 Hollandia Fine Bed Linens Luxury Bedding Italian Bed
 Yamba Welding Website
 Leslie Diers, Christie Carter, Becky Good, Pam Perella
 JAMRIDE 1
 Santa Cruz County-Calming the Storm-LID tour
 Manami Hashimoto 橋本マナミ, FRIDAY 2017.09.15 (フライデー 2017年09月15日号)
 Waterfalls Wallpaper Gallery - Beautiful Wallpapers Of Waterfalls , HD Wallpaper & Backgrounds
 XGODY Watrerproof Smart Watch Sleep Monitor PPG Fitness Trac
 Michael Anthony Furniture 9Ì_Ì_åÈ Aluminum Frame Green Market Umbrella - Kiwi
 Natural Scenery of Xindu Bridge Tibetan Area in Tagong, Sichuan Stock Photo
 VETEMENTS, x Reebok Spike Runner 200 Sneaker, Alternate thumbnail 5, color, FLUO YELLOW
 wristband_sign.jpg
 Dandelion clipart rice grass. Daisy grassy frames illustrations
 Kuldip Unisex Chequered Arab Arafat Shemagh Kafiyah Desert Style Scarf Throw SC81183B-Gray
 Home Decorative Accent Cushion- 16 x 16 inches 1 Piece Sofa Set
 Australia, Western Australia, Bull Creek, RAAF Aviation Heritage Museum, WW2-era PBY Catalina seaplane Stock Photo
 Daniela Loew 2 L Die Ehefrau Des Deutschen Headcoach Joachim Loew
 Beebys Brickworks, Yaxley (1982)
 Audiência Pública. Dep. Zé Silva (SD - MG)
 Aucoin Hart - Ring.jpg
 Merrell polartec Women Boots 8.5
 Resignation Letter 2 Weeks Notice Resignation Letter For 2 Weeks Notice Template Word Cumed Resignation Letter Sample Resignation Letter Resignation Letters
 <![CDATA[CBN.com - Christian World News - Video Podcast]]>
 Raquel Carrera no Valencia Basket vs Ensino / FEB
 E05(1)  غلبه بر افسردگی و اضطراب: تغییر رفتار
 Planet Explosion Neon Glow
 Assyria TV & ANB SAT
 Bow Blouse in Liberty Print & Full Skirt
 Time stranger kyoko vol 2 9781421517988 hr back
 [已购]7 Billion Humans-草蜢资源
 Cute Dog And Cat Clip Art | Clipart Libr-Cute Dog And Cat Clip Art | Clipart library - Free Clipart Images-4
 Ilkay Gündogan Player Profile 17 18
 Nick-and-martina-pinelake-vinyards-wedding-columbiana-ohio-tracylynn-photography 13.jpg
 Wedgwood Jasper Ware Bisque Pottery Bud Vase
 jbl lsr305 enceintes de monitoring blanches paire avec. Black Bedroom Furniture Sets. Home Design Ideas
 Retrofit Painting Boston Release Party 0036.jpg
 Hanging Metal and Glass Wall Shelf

────────

> [What you are asked to do]
Reproduce each line of the material in which the string "Stock" occurs.

> [Exercise output]
 Natural Scenery of Xindu Bridge Tibetan Area in Tagong, Sichuan Stock Photo
 Australia, Western Australia, Bull Creek, RAAF Aviation Heritage Museum, WW2-era PBY Catalina seaplane Stock Photo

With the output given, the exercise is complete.